**** Dataset

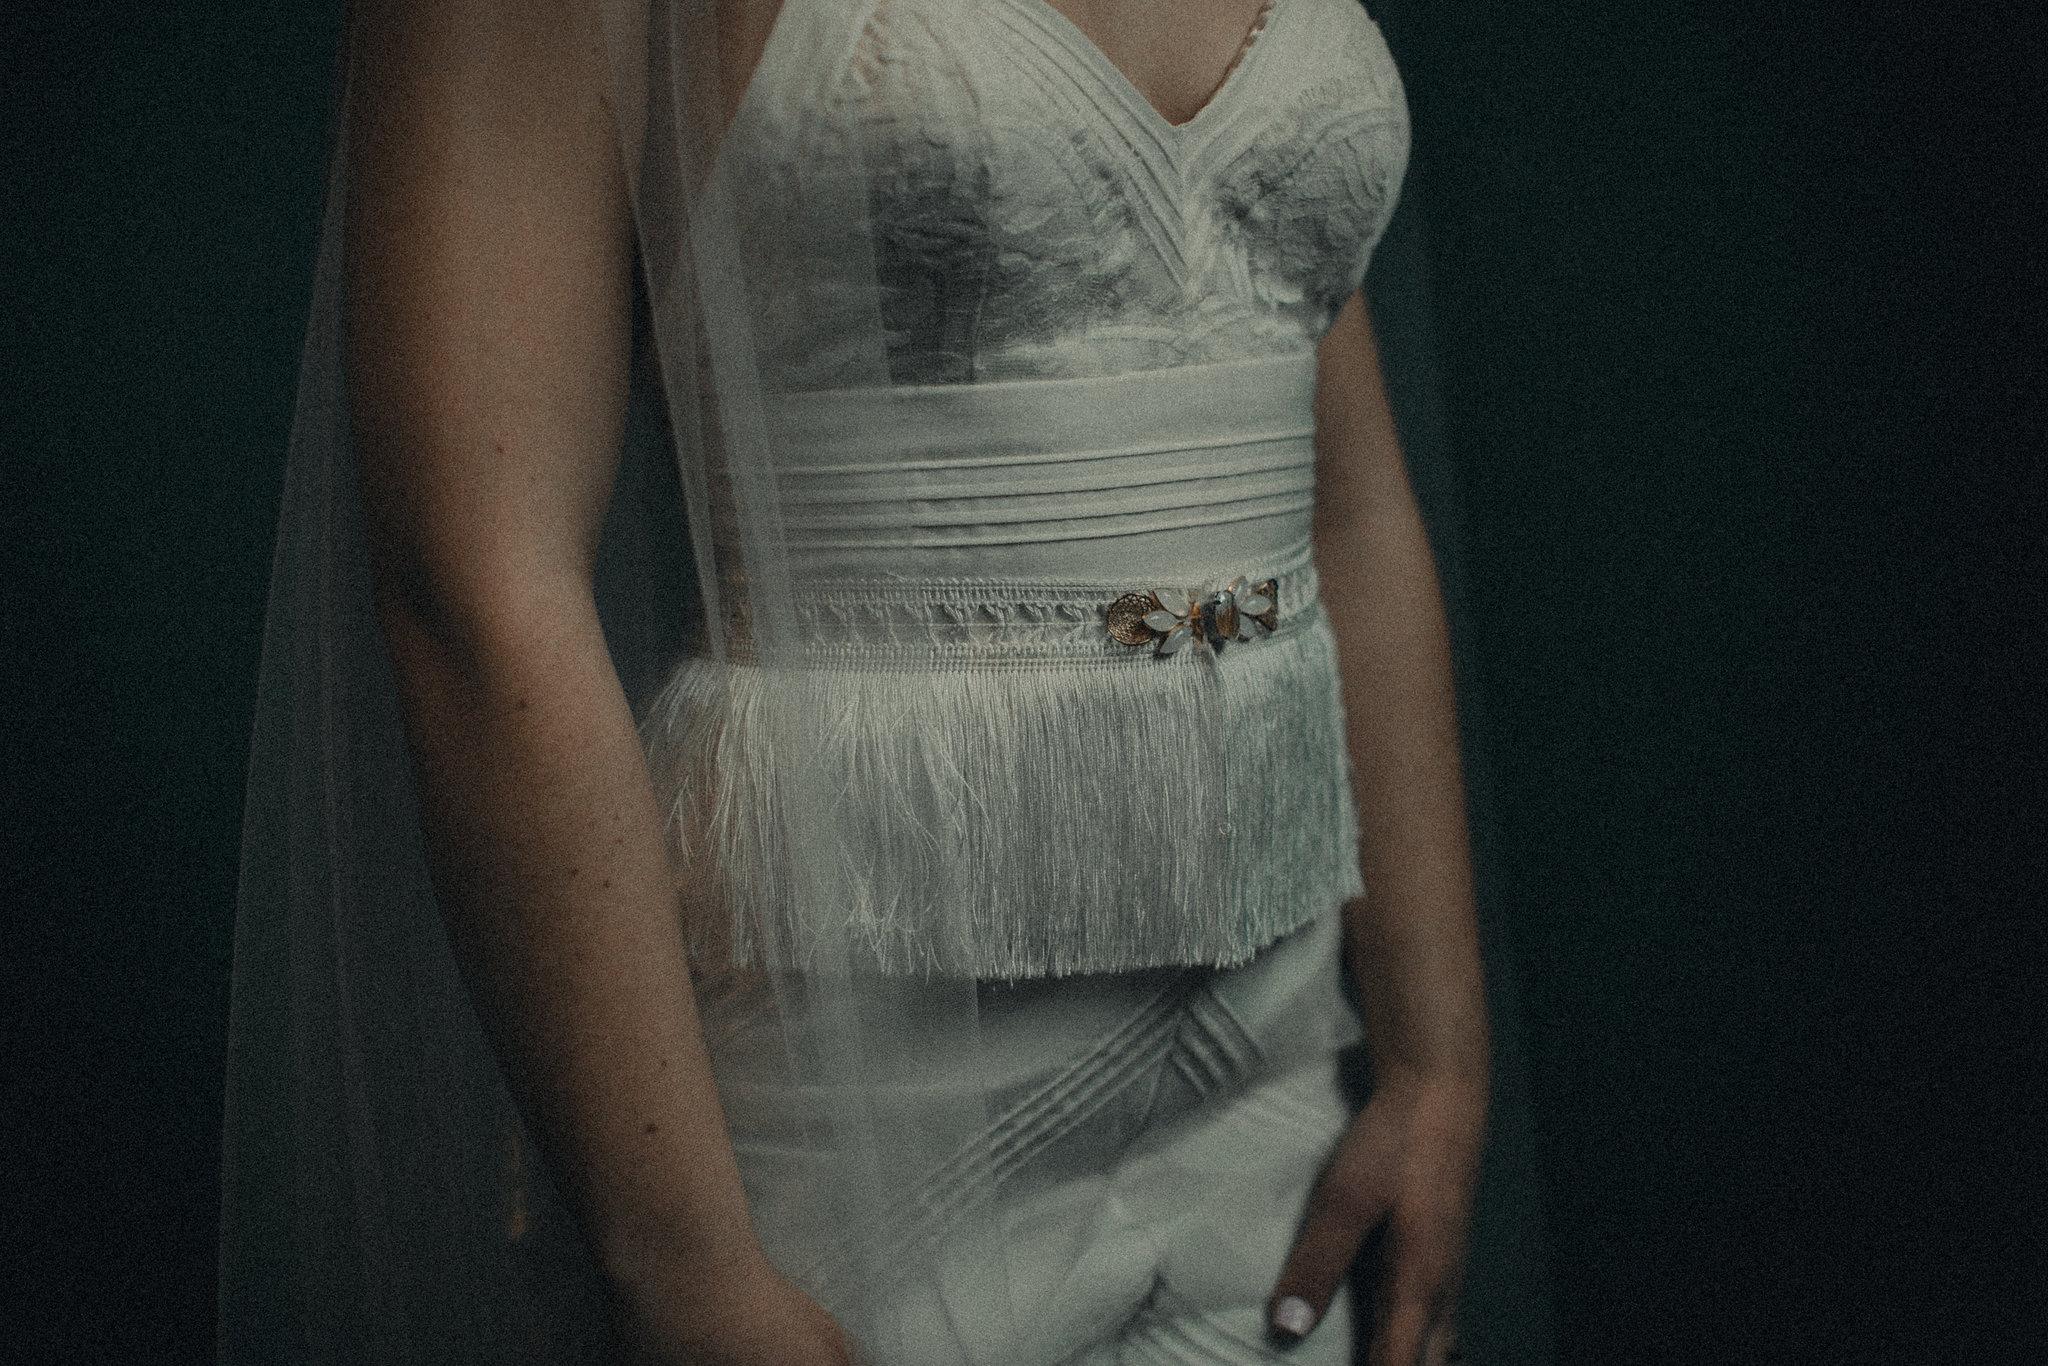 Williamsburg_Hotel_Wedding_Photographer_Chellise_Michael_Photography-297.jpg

********
**** Dataset

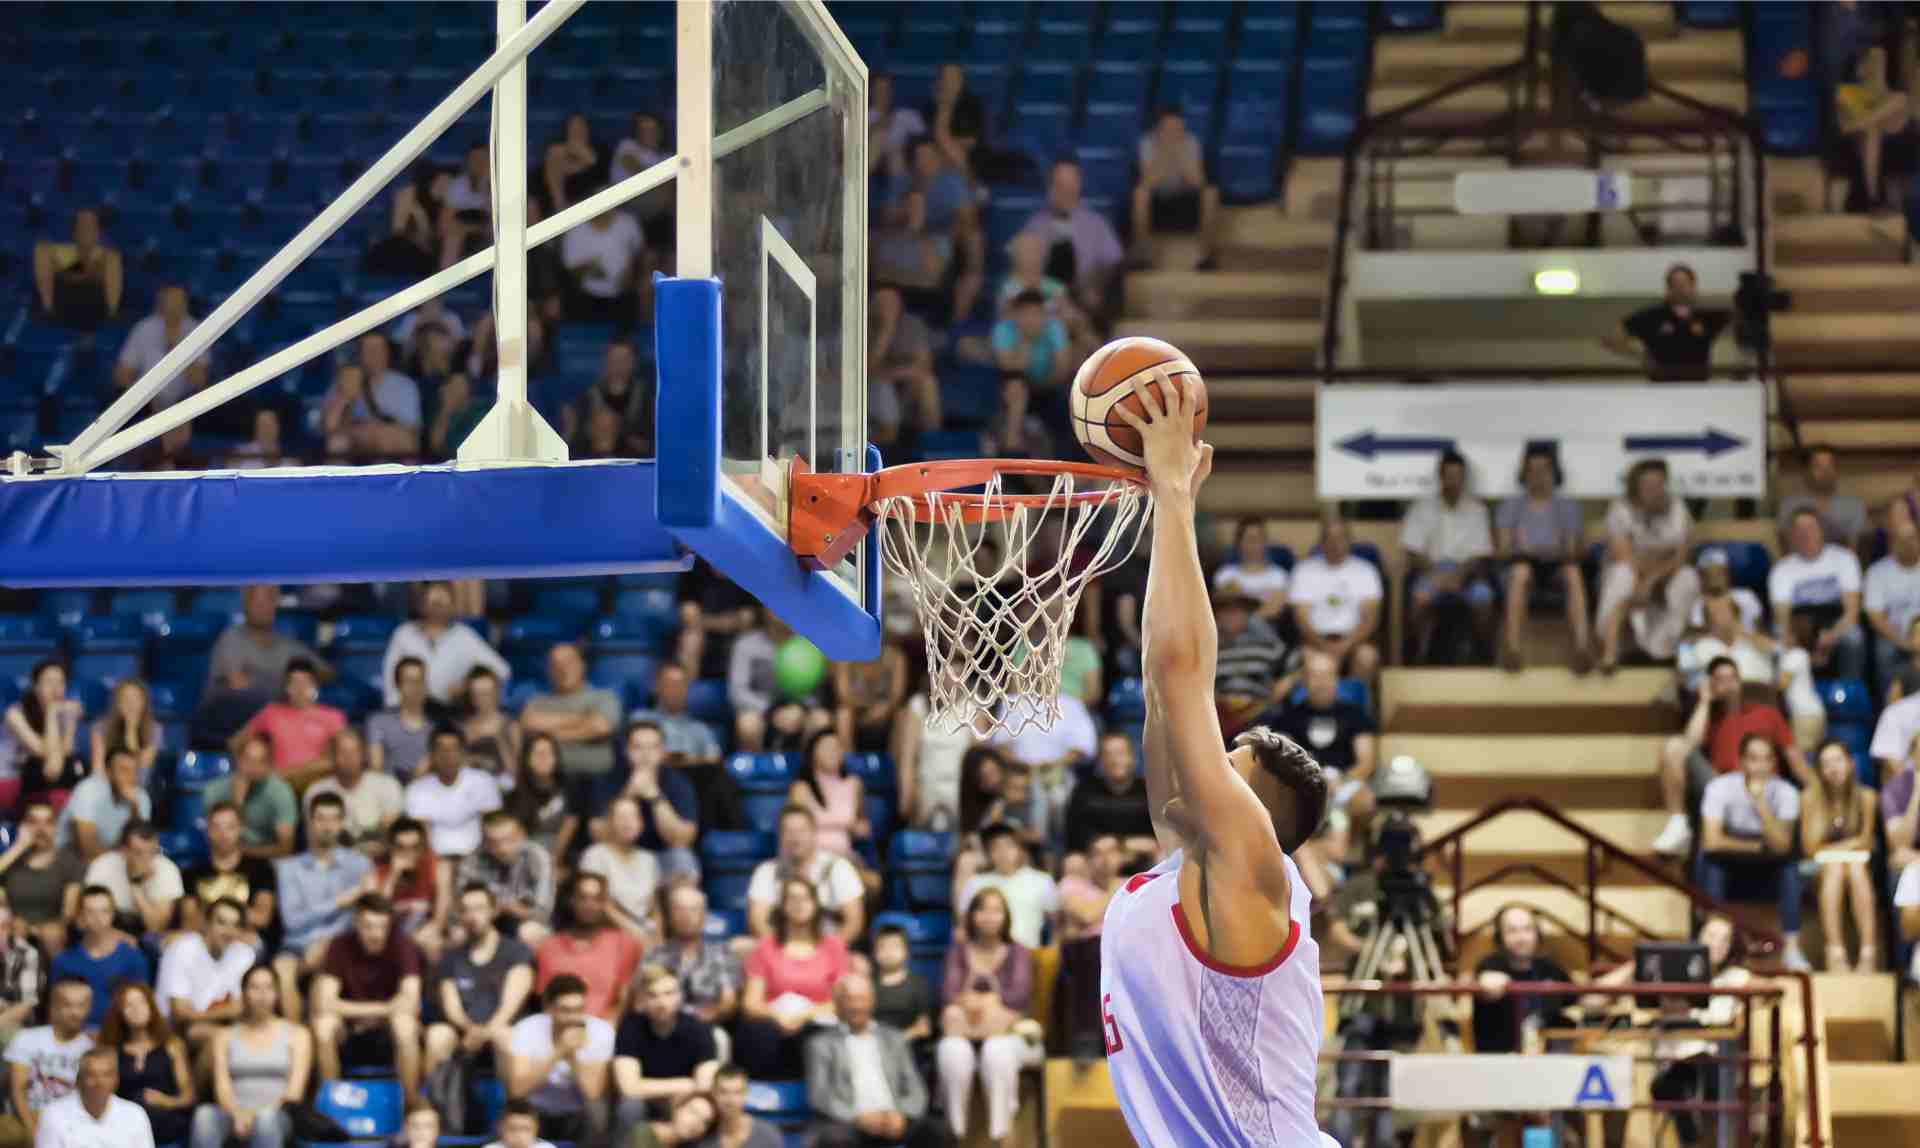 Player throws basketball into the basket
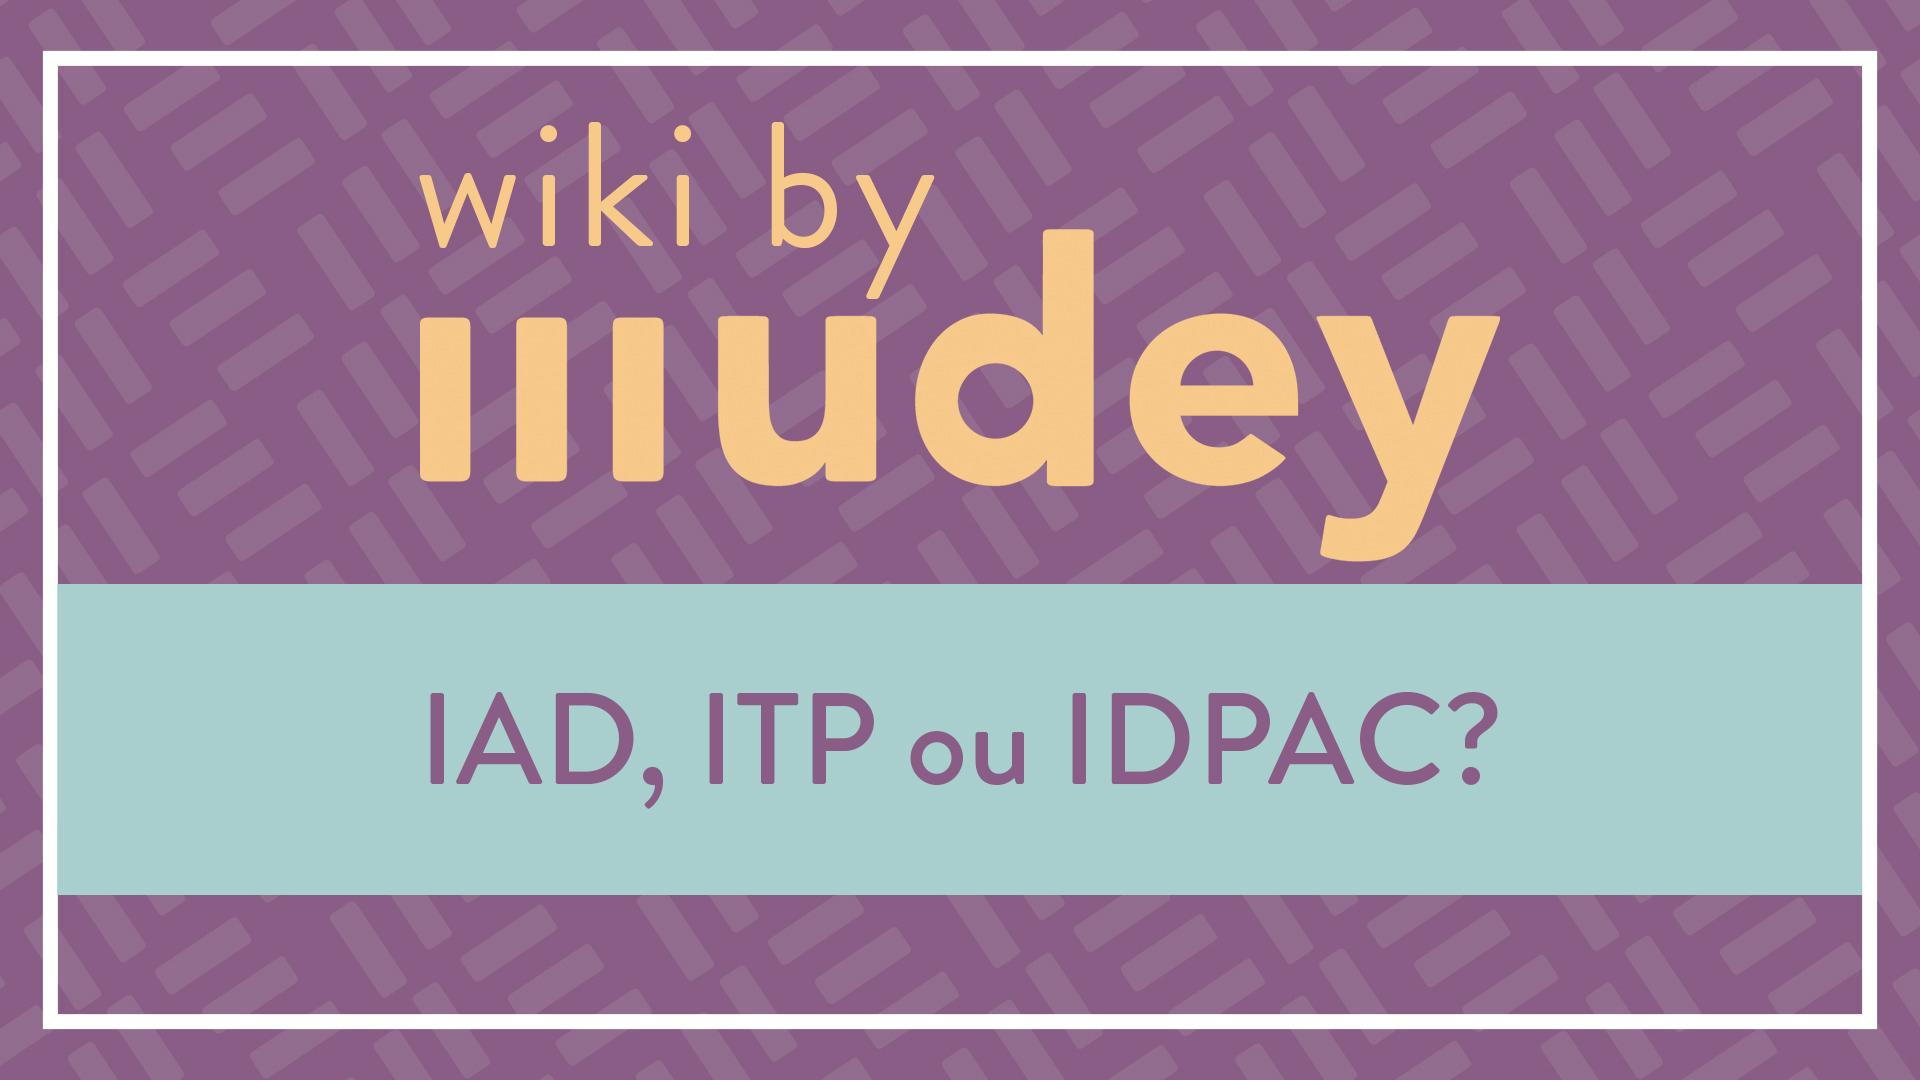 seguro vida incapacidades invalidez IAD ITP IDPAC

********

Try it: From the data above, return only the lines starting at the line that holds "Player throws basketball into the basket" and ending at the line that holds "seguro vida incapacidades", word for word and without pictures.

Response to this task:
 Player throws basketball into the basket
 seguro vida incapacidades invalidez IAD ITP IDPAC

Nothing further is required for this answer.